— Ваймочка, да это же твоя шлейка! Мы с твоим первым папочкой брали тебя на пикники на Медвежьей горе, надевали на тебя шлейку и привязывали к дереву шнуром длиной футов десять, чтобы ты не…
Остального я не слышал — я представил себя связанным этой штукой, и меня затопил внезапный ужас. Да, мне двадцать лет, год назад я присоединился к замечательной семейной группе на Сигме, уже стал гордым отцом троих детей и ожидаю еще два прибавления. Мы, сто шестьдесят три человека, владеем целым пляжем, девятью милями джунглей и половиной горы. Может быть, мне представился Антони — скованный, он пытается поймать птичку, жука или волну, но все его пространство ограничено десятью футами веревки. Весь последний год я ходил голым — одевался только для выездов на работу. Мне страшно не терпится покинуть обиталище своего детства — удивительное место, называемое квартирой, — и вернуться к женам, мужьям, детям, нормальной жизни. В общем, это было ужасно.

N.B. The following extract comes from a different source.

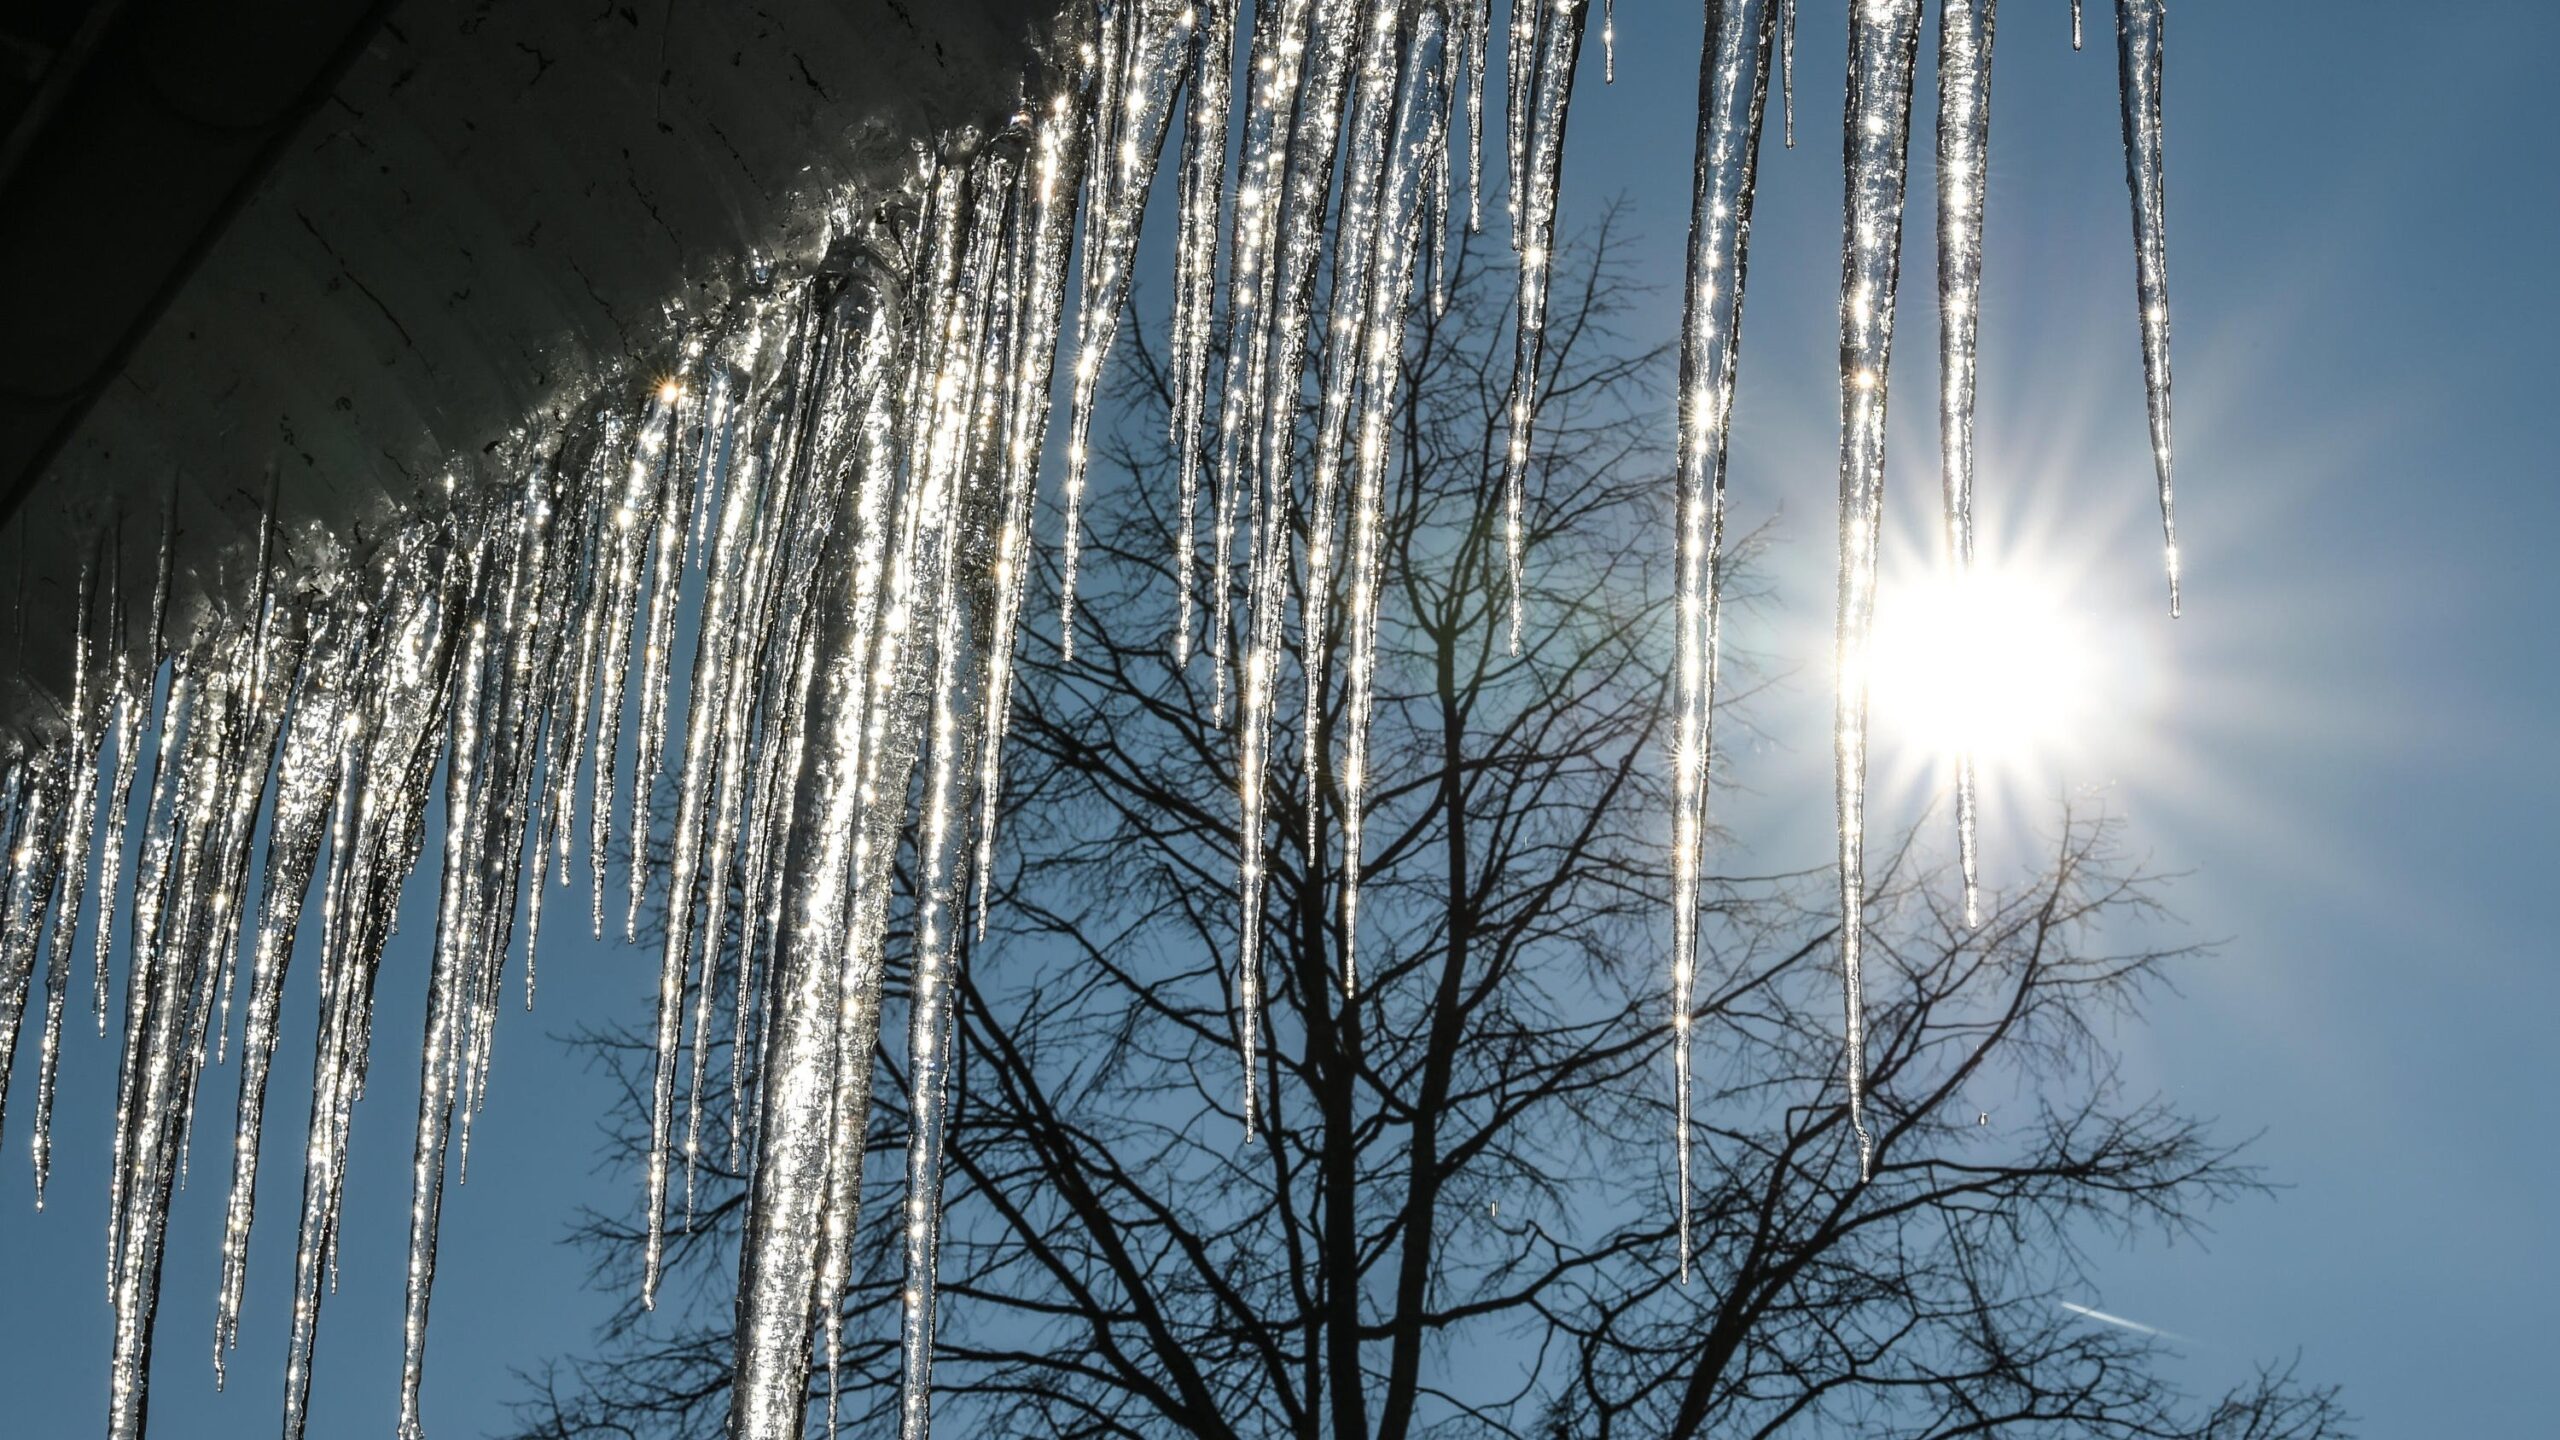 Cреднегодовая температура воздуха в Якутии может вырасти почти на 8°C к концу века

Третье воспоминание? После того, как я покинул свою семейную группу — бросил, откровенно говоря, обуреваемый чувством вины и какими-то другими чувствами, которые не мог назвать… Тогда мне еще снились каждую ночь кошмары о судьбах детей, и я просыпался с криком, хотя прекрасно знал: весь смысл семейной группы в том, чтобы дети не пострадали, потеряв одного, двух или даже трех родителей… Я все еще ломал голову, пытаясь понять, не делаю ли тех же ошибок, что совершили мои родители, и надеялся, что мои дети выйдут не такими, как я, или даже хуже, вроде тех детей, про которых я читал в газетах (наподобие Рэтлита, хотя с ним я тогда еще не был знаком)… И меня охватывало ужасное подозрение, что, как бы я ни пытался отличаться от своих предков, я поневоле повторяю все те же ошибки… В общем, я тогда летел на корабле, который должен был впервые принести меня на Звездную Станцию. На борту я познакомился с одной золотой, которая для золотой была очень приятной девушкой. Мы с ней говорили о двигателях внутригалактических и межгалактических кораблей. Ее впечатлила широта моих познаний. А меня впечатлило, что она летает на этих кораблях и знает о них так мало. Ей как девушке нравился механик ростом шесть футов четыре дюйма, весом двести десять фунтов, с въевшейся под ногти смазкой, то есть я. А мне как парню нравилась стройная девушка с янтарными глазами, повидавшая
— Я знаю, о чем ты думаешь, — сказал Рэтлит; пару раз, когда на него нападал неразговорчивый стих, а мне хотелось поговорить, я, пожалуй, рассказал ему слишком много. — Ну так для меня возведи это в куб, папаша. Вот до какой степени я чувствую себя в ловушке!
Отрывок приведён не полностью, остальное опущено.